*** Opening DATA UNDER STUDY ***

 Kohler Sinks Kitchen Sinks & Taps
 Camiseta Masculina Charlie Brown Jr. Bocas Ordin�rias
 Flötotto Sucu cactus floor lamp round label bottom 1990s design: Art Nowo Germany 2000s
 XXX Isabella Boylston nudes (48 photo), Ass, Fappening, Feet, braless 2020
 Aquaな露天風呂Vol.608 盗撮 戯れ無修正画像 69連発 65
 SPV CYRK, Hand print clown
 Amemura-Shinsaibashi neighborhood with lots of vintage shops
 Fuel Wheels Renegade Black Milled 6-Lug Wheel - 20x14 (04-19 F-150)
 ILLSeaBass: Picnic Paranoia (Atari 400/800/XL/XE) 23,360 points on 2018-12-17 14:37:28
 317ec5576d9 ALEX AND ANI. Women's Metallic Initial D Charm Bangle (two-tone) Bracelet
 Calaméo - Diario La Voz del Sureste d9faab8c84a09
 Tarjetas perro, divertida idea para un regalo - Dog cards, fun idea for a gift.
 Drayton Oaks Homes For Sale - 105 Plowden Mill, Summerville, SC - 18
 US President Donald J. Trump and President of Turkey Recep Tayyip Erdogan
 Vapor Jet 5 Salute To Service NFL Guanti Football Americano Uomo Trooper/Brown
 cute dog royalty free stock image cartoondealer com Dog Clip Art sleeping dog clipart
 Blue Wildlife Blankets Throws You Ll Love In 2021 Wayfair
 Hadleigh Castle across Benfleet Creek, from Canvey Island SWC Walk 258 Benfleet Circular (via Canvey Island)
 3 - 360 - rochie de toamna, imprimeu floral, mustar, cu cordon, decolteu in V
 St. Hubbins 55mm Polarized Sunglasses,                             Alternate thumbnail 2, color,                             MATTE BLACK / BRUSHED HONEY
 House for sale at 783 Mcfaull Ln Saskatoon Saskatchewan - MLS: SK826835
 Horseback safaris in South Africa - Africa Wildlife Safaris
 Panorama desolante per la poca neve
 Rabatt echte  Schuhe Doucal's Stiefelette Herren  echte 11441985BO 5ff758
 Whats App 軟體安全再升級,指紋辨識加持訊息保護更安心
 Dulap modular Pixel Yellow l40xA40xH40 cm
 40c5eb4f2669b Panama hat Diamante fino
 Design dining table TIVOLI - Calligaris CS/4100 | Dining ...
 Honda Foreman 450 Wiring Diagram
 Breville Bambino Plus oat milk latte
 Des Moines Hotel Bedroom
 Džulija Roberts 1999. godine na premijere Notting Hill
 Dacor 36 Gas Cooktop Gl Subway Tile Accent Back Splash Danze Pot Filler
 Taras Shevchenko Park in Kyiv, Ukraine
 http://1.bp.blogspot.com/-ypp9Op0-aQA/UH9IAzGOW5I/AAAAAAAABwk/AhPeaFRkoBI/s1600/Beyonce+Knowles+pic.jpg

*** Closing DATA UNDER STUDY ***

● **EXERCISE BRIEF**: Take the entries above and return only the lines from the one with "Drayton Oaks Homes" to the one with "House for sale", both included, unchanged.

● **OUTPUT**:
 Drayton Oaks Homes For Sale - 105 Plowden Mill, Summerville, SC - 18
 US President Donald J. Trump and President of Turkey Recep Tayyip Erdogan
 Vapor Jet 5 Salute To Service NFL Guanti Football Americano Uomo Trooper/Brown
 cute dog royalty free stock image cartoondealer com Dog Clip Art sleeping dog clipart
 Blue Wildlife Blankets Throws You Ll Love In 2021 Wayfair
 Hadleigh Castle across Benfleet Creek, from Canvey Island SWC Walk 258 Benfleet Circular (via Canvey Island)
 3 - 360 - rochie de toamna, imprimeu floral, mustar, cu cordon, decolteu in V
 St. Hubbins 55mm Polarized Sunglasses,                             Alternate thumbnail 2, color,                             MATTE BLACK / BRUSHED HONEY
 House for sale at 783 Mcfaull Ln Saskatoon Saskatchewan - MLS: SK826835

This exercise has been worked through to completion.